Aspect	Level 1	Level 2	Level 3	Level 4
Topic selection	unsuitable or irrelevant	suitable topic, but unclear connection to data	suitable topic with connection to data	novel topic
Motivation/rationale	no clear rational or weak rationale	some rationale presented, begins to motivate the selected topic	provides and discusses a suitable motivation	persuasive and creative motivation
Data description	no description of data or variable types	partial description of data; incomplete or incorrect discussion of variable types	sufficient description of data and variable types with only minor errors	error-free description of data and variable types
Discussion	no discussion of potential analysis or linking to data sources	limited discussion of potential analysis or linking to data sources	either discussion of potential analysis or linking to data sources	insightful discussion of potential analysis or linking to data sources
Grammar and spelling, usage	significantly impairs readability	frequent or serious errors	some minor errors	virtually no errors
Organization	needs significant reorganization	structure is of inconsistent quality, may have choppy transitions and/or redundancies or disconnections	structure supports the argument, clearly ordered sections fit together well	structure enhances the argument, strong sections and seamless flow
Clarity, style, readability	gets in the way of reading for content	beginning to be comfortable with appropriate conventions, but style is inconsistent or uneven	effective prose style, follows relevant conventions, emergence of voice	mastery of the genre, including elegant style, established voice

Portions of this rubric were based on a writing assessment rubric developed by Carol Trosset, Grinnel College.

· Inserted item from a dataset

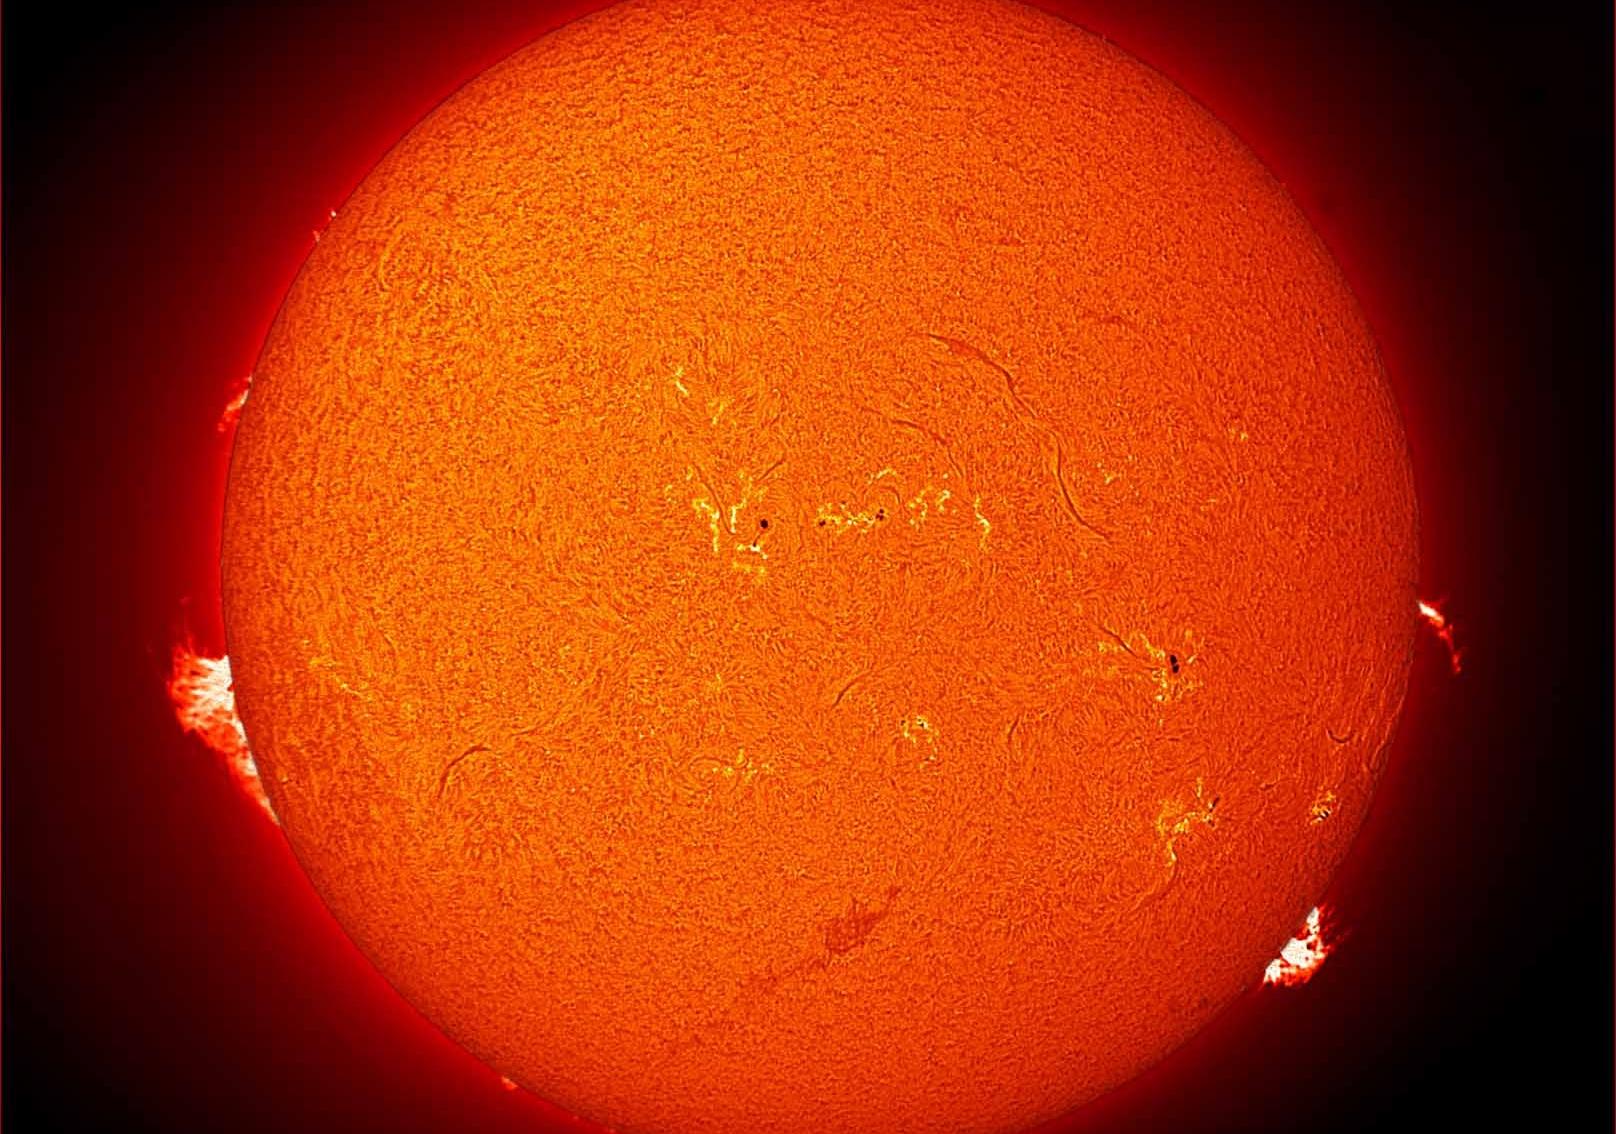 Image of the Sun from the SCSM observatory, with features labeled.

CS349B: Quantifying the World

Wellesley College, Spring 2012

Instructor: Tyler Moore

Course Info

The Chilling Effects clearinghouse offers an excellent source of data on online cease-and-desist notices. The goal of the site is to increase transparency of limitations of speech online. Most notices concern alleged copyright violations sent by rights holders to websites hosting the content. Anyone can submit reports to Chilling Effects, though most of the reports in the database appear to come from a few large websites including Google, Twitter and Wikipedia.

I find the data source especially interesting in light of recent protests over the Stop Online Piracy Act (SOPA). SOPA would have allowed rights holders to block entire websites deemed to be dedicated to copyright infringement. The notices in the Chilling Effects database, by contrast, concern individual URLs on websites. This makes the notices more targeted, but it also means that many more notices are generated: the Chilling Effects database includes over 10,000 distinct notices!

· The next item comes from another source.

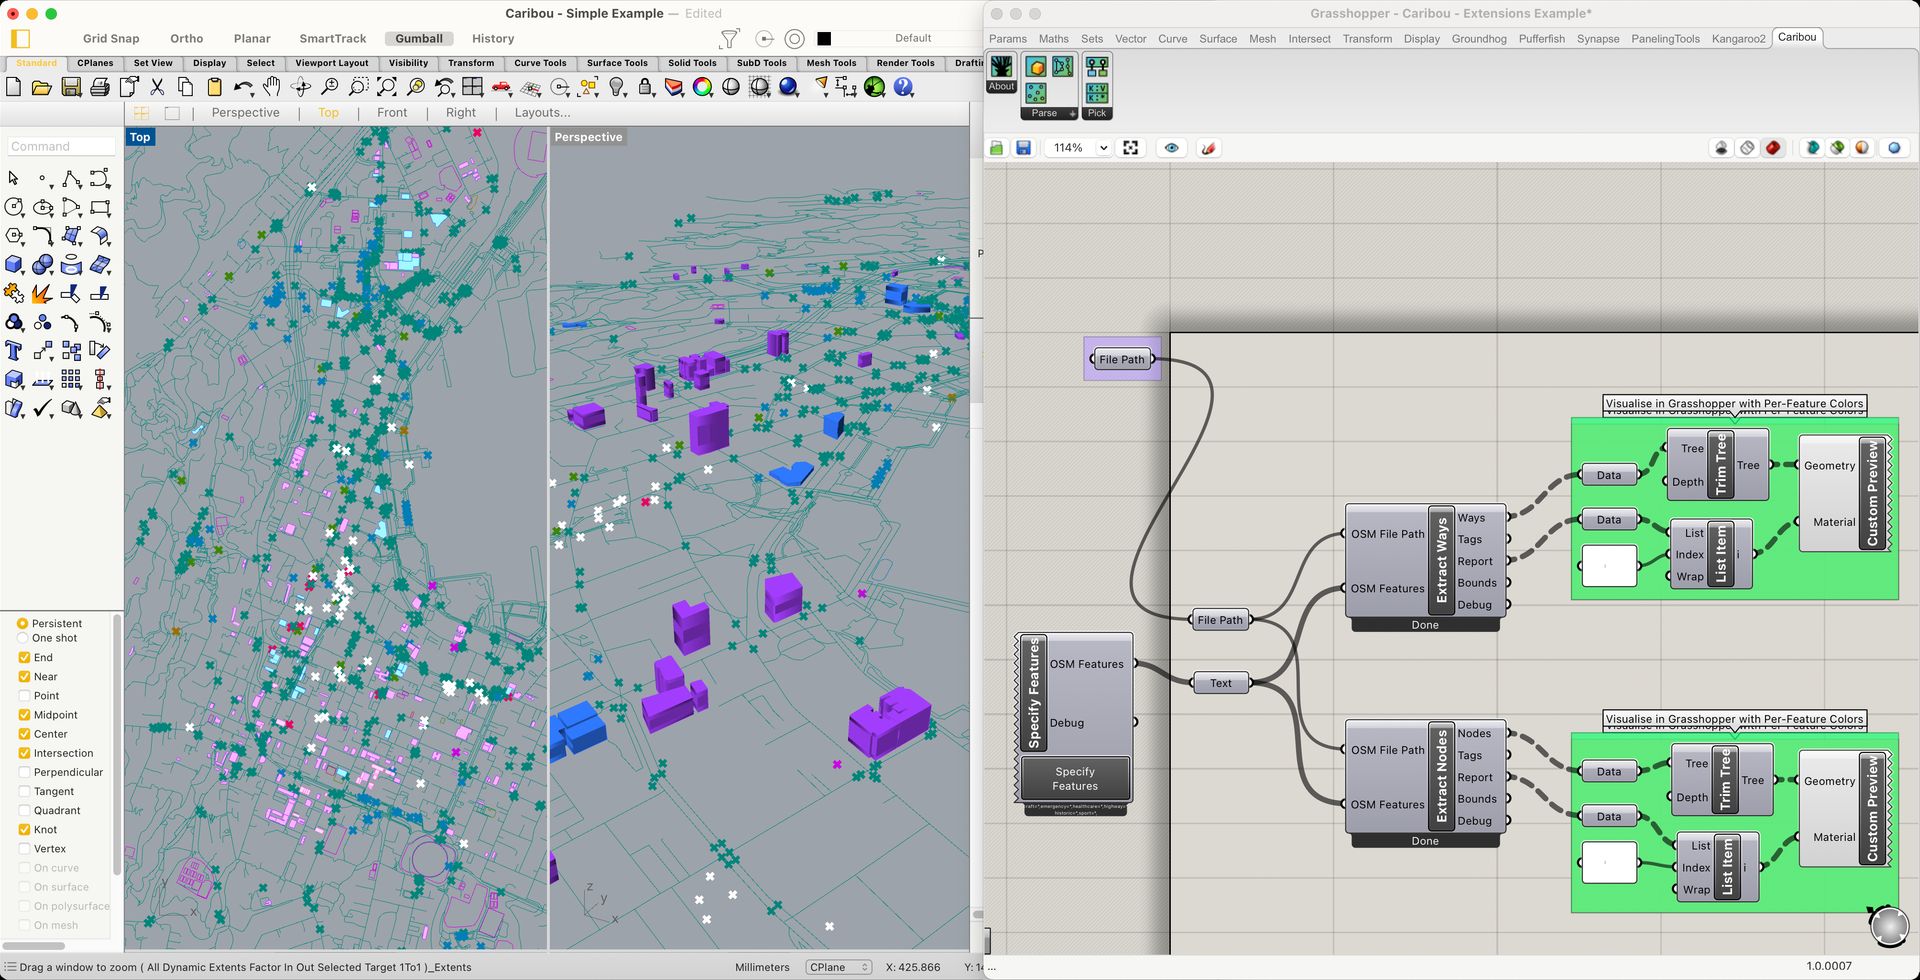 A screenshot of a CAD application showing a city model on the left and a parametric model on the right

Each record includes a mixture of structured and unstructured data. Here is a screenshot of some reports:

Chilling Effects Database

Each record includes a subject, sender, recipient, data and topic area. The sender, recipient and topic area are categorical variables. Grouping by sender, for instance, could uncover the most frequent complainants, or reveal differences in behavior across senders. Each notice also includes the date of submission, so there is great potential to construct a time series. In fact, because the data just includes records, one would need to construct appropriate numerical response variables. For instance, one could simply count the number of reports issued each month, and track whether the number is increasing or not.

There is also additional data available that could be extracted from the reports themselves. However, as presented, the reports are simply given in letter form. For example, here is a notice sent to Digg:

Chilling Effects Example Notice

These letters appear to follow a particular form, so it may be possible to extract additional information. In particular, the letters include the allegedly infringing URLs, which would be useful to know.

Given such rich information, I can envision several interesting questions to investigate further. SOPA's proponents claim that a few persistent foreign websites carry out most infringing activities. One could test this theory by inspecting the websites of infringing URLs over time. Do the same websites appear repeatedly for a long time, or do the websites change frequently? Are the worst offenders actually hosted abroad? One could issue WHOIS requests on the domains appearing in notices to see the claimed country of origin. It would be really fun to inject some data-driven arguments into the debate over SOPA.